Thompson explained that every decision Thomas has signed on to at the court has “been adverse to the minority community, and the people I represent have a real issue with an African American not being sensible to those issues.”
“With the Supreme Court’s term winding down and Republicans’ midterm election prospects on the rise, some liberal legal advocates want Justice Ruth Bader Ginsburg to retire this summer. That way, President Obama can appoint a like-minded successor while the Senate is still under Democratic control,” Roll Call reports.
“A splintered Supreme Court voted 6-2 that states may end racial preferences without violating the U.S. Constitution,” the Wall Street Journal reports.
“The case came from Michigan, which in 2006 passed a voter initiative ending racial preferences. A federal appeals court had struck down the measure, finding that it served to disadvantage minorities in the political process.”
“Justice Anthony Kennedy, writing for a plurality, said that the case wasn’t about resolving the debate over affirmative action, but rather ‘who may resolve it.’ He wrote the Constitution doesn’t forbid voters from ending the practice, which was instituted by officials at the University of Michigan and other state agencies.”
Former Supreme Court Justice John Paul Stevens said that Justice Ruth Bader Ginsburg “sought his advice on when she should retire, although he declined to weigh in on the matter publicly,” the Huffington Post reports.
Said Stevens: “I’d say she doesn’t need my advice, she really doesn’t. She did ask my advice.”
“Perhaps you should revolt.”
— Supreme Court Justice Antonin Scalia, quoted by the Knoxville News Sentinel, to a law school student who questioned the constitutionality of the federal income tax.

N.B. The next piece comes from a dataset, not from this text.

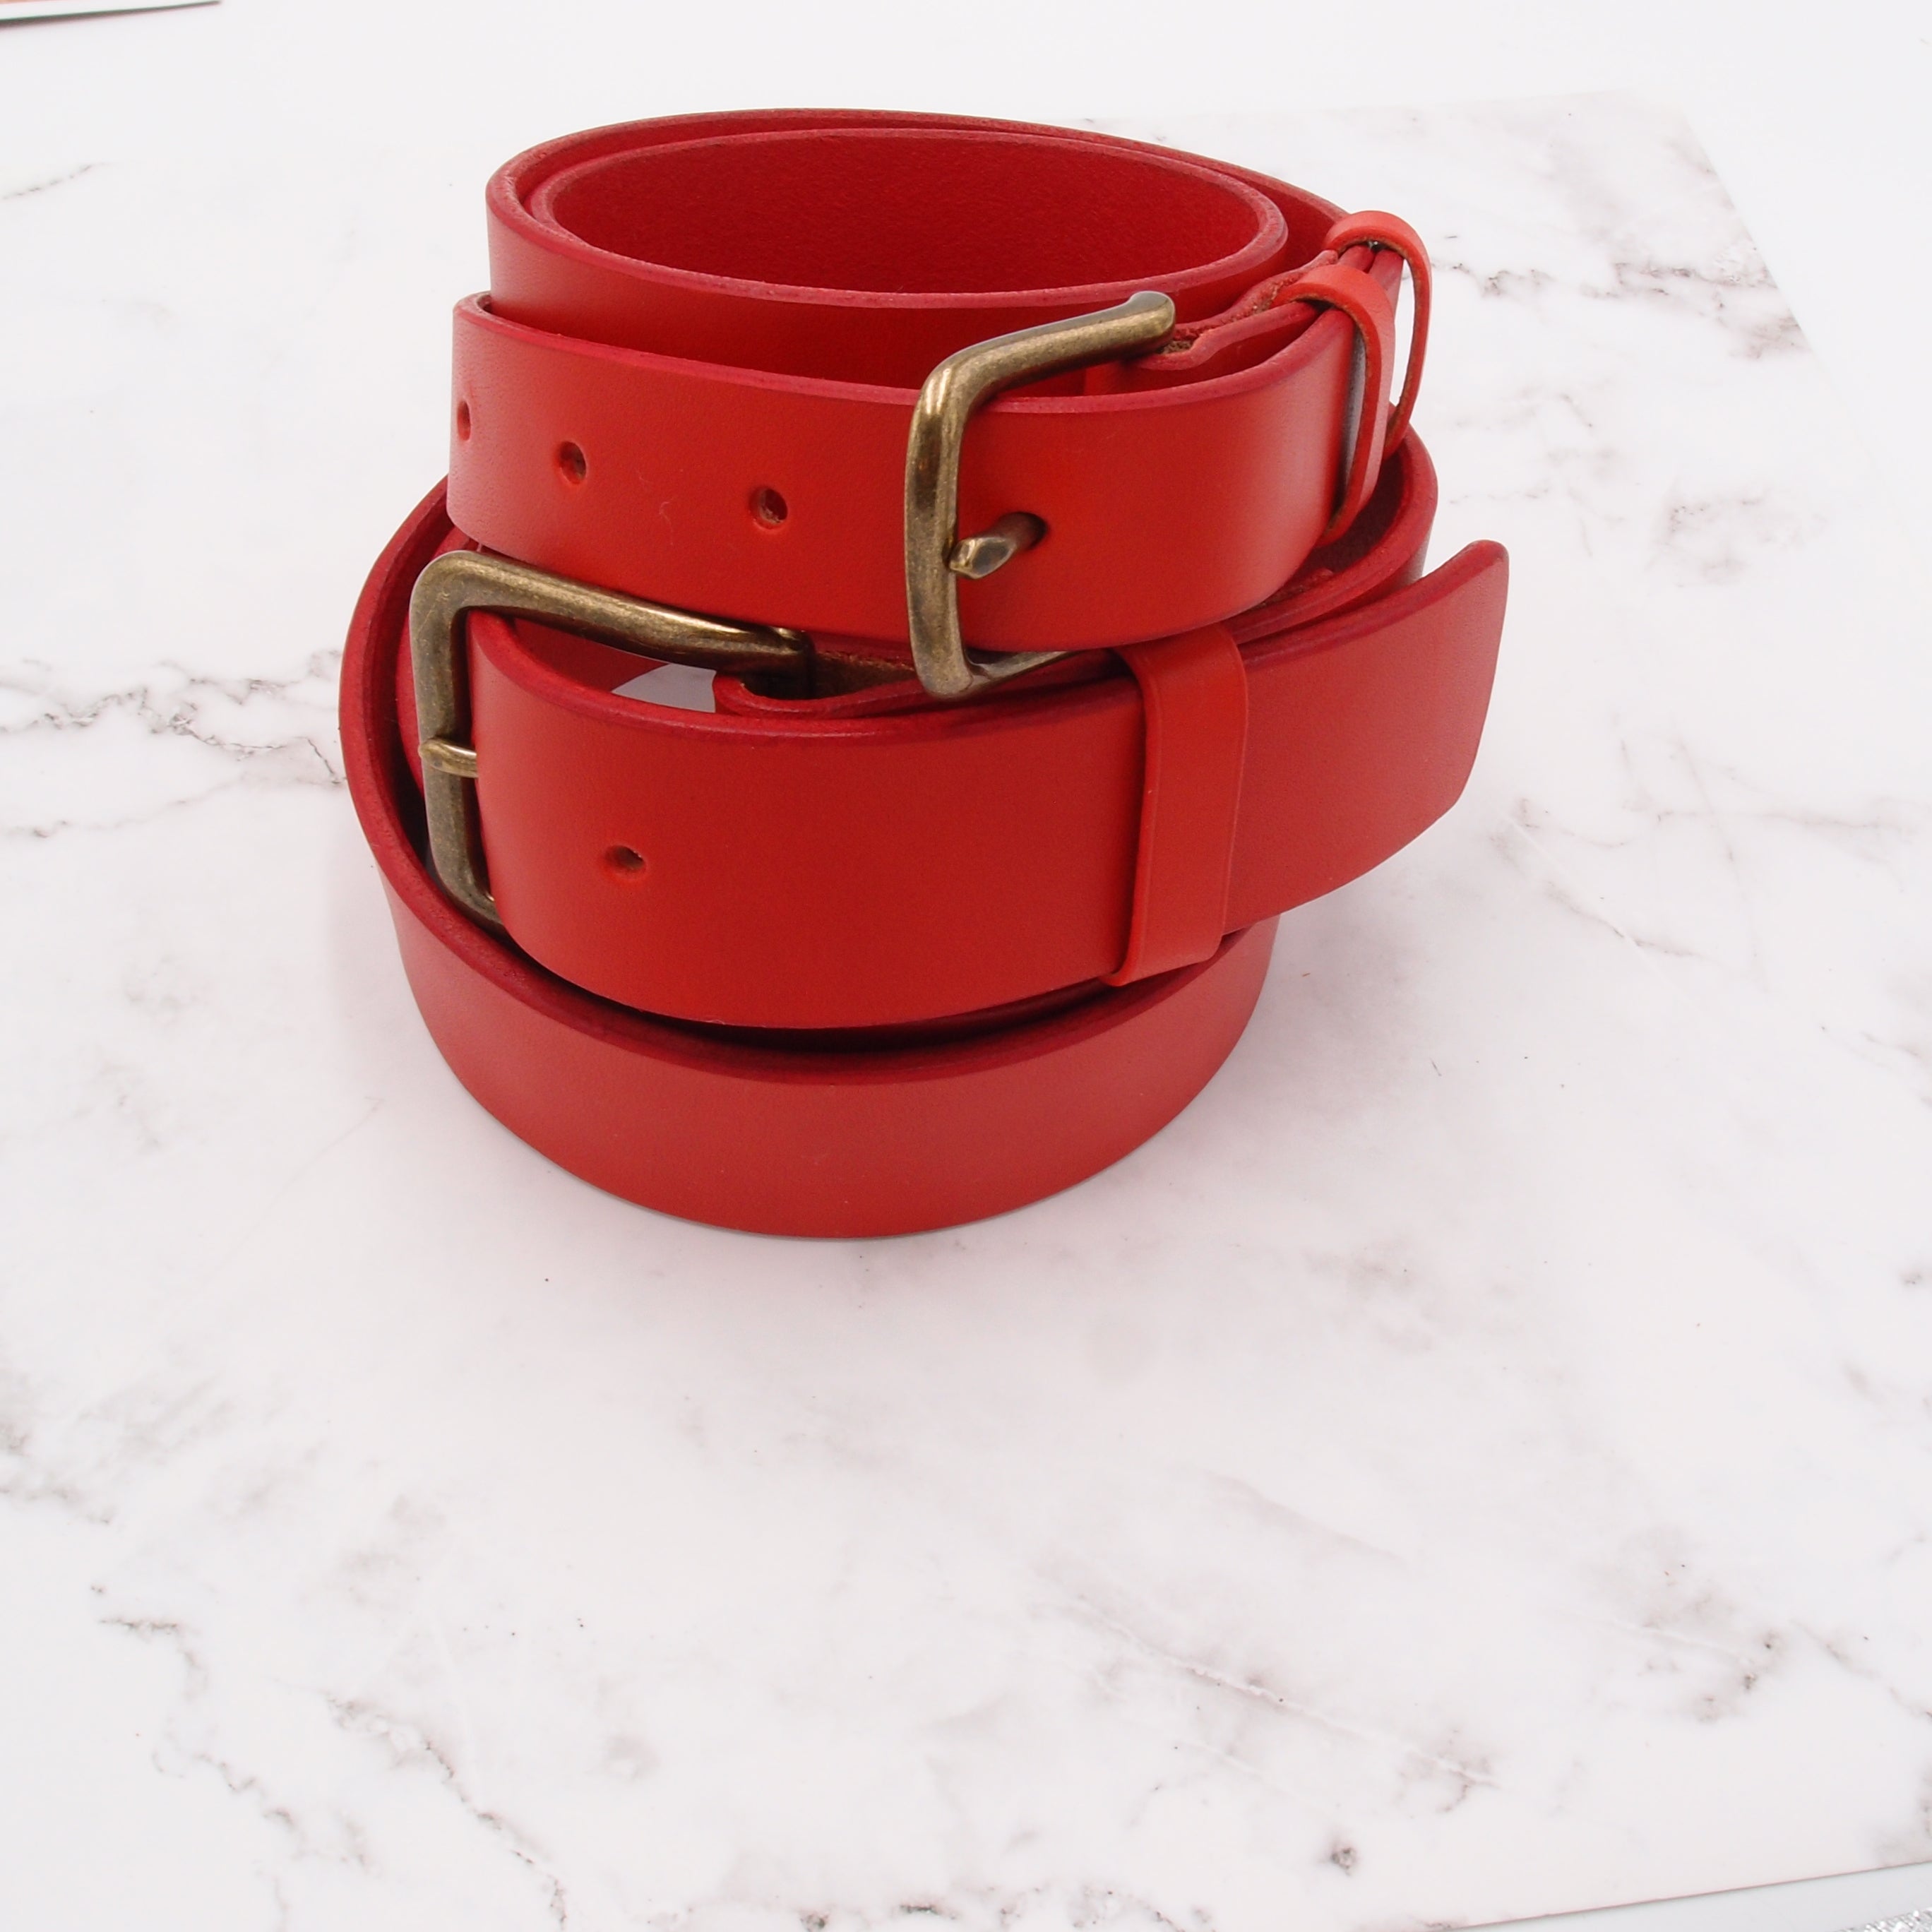 Two Red Leather Belt with Antique Brass Buckles Wrapped in Circles

David Hawkings: “The Supreme Court has made pretty clear that putting your money where your mouth is deserves broad protection as a form of free political speech. The justices are about to consider whether outright lying in a campaign deserves a similar First Amendment shield.”
“The court’s recent decisions easing the flow of generous campaign contributions already shifted the electoral landscape. If the court finds that even the most patently outrageous statements about candidates may not be barred by law, those two decisions combined could expand the rhetorical battlefield of the midterm elections and raise the attack ad volume as never before.”
Jonathan Chait: “It may seem implausible that Republicans would simply refuse to allow Obama to appoint any justice to such a vacancy. That is only because things that haven’t happened before are hard to imagine. But such a confrontation is not only a logical outcome but the most logical outcome. Voting to flip the Supreme Court would be, if not a political death warrant for a Republican Senator, then certainly taking one’s political life into one’s own hands. Politicians do not like political death warrants — certainly not for the benefit of the opposing party’s agenda.”
“The modern pattern in American politics is that tactics that are legally available, but never used for reasons of custom, eventually become used. The modern pattern is also that the Republican Party, which is the most ideologically cohesive and disciplined party, leads the way.”